1. Security Guide
  2. Authentication Policy

Authentication Policy

The Oracle Warehouse Management Service provides the ability to setup different expiration dates for different users by enforcing password life in days. A few of these Account Policy settings are only checked and enforced during an interactive end user login or during web services http Basic Authentication user login. Some of the others Account Policy settings are checked when the user themselves is conducting an Oracle Warehouse Management service password change, or during an administration user maintenance update though the UI.

Note: With Oracle Single Sign-on, most users do not use the password in Oracle Warehouse Management Cloud for authentication. The exception to this is Integration users that are local and built-in users.
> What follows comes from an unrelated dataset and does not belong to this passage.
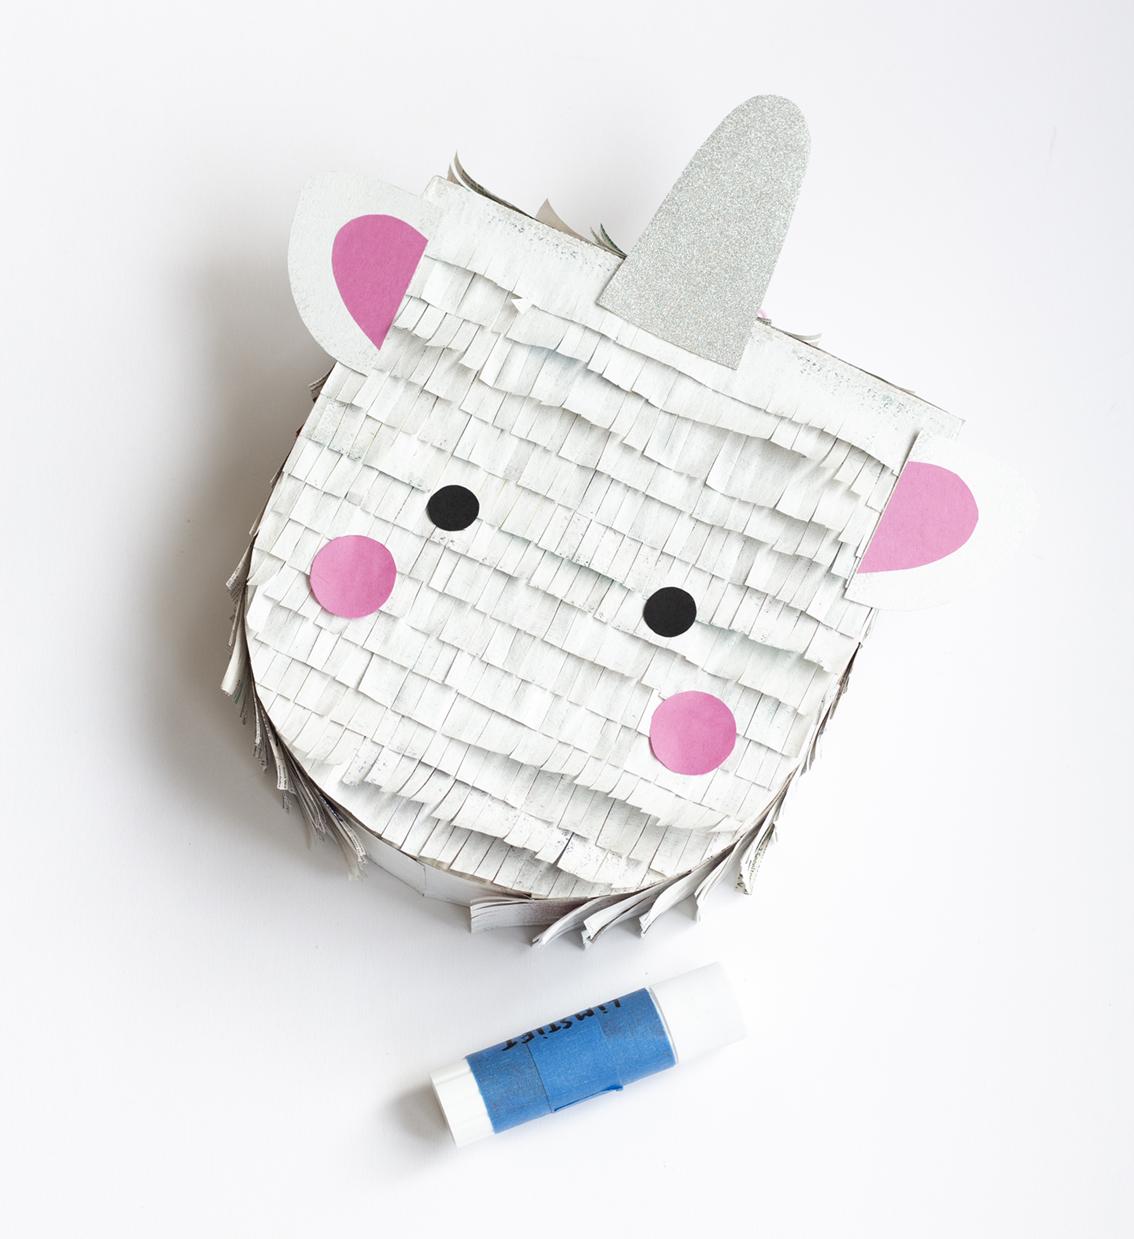 Piñata i kartong | Pysselbolaget

Account Policies provide control over password definitions, password renewal rules and login behavior. Account policies allow you to configure the following password rules:

  • Password Rules: validation rules for password strength

  • User Password Expiration

  • Warning period for password expiration

  • Duplicate password prevention, including configurable number of historical passwords

User Level Account Policy

The Account Policies provide control over password definition, password renewal rules and login behavior. Account policies allow you to configure the following password rules:

  • Password cannot match username

  • Password must be at least 6 characters. The password character length can be overridden per company by an ADMIN

    role user.

  • Password must have a combination of alphabetic and numeric characters.

  • Password should not have too many repeated characters.
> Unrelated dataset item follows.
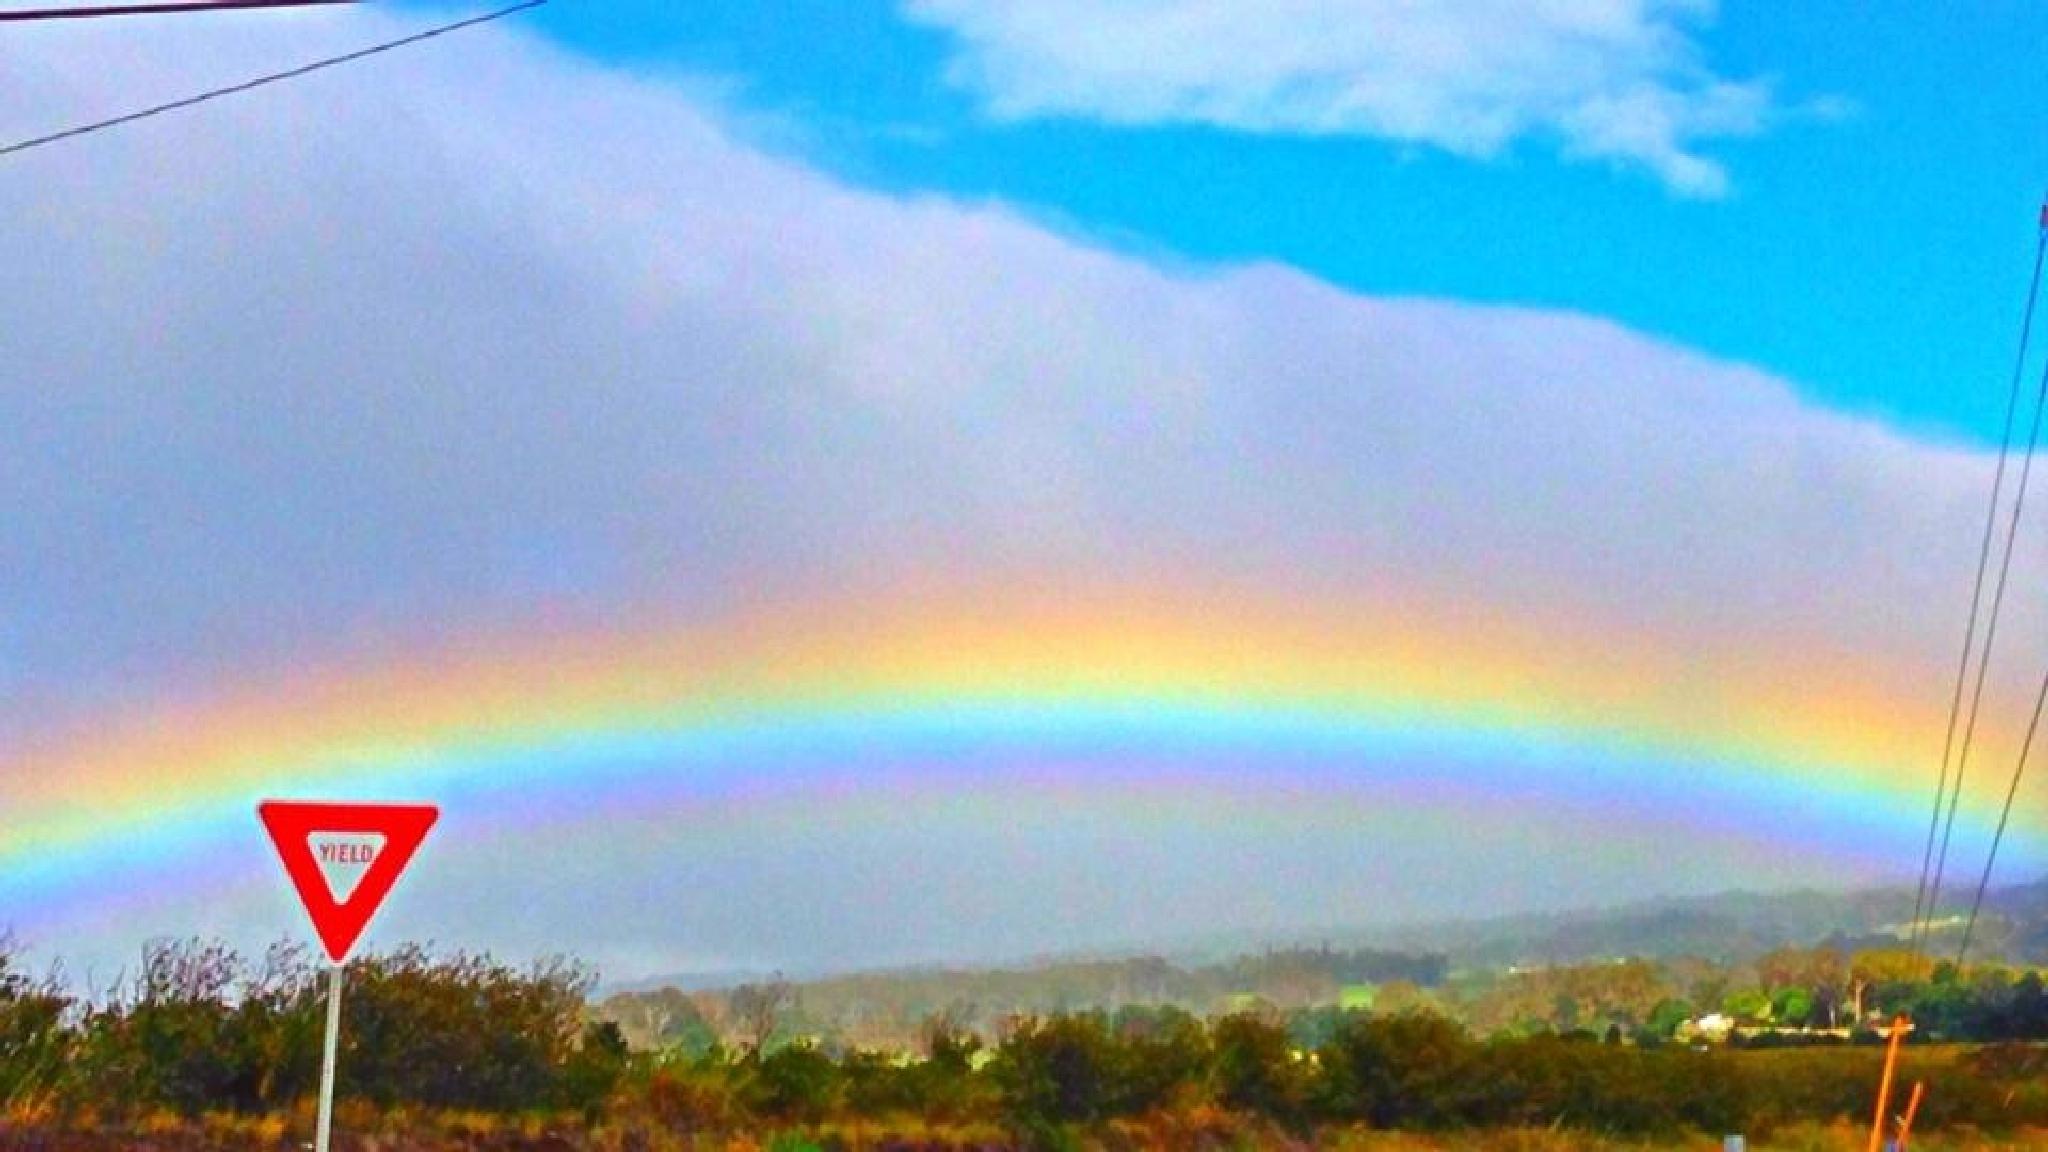 Yield to Rainbowes by MAUI UNDERGROUND

  • Password cannot be a reverse of the username.

  • Password cannot be a portion of the username.

  • Username cannot be a portion of the password.

  • Use a more complex rather than simple password. Examples of a simple password: using 123, 1234, abc, abcd, admin,

    logfire, or the word “password” as part of the password.)

  • Cannot repeat recently used password.

Company Level Account Policy

The company account policy helps manage when the customers password expires via Company level security settings. From Companies, ADMIN users can go to Company Security Configuration to adjust the values as needed. The values and their functionality are described below:

Company Security Configuration Fields:

Field Name

Functionality Description

Minimum Password Life in Days This field defines the user password life validity for minimum number of days in a year.
Maximum Password Life in Days

This field defines the user password life validity for maximum number of days in a year.

Minimum Password Length

his field defines minimum number of characters used in a user password.

Minimum failed login attempts

This field defines maximum number of logins attempts that weren’t successful before locking the account.

Password History Count

This field defines number of last reused passwords for changing/updating the password.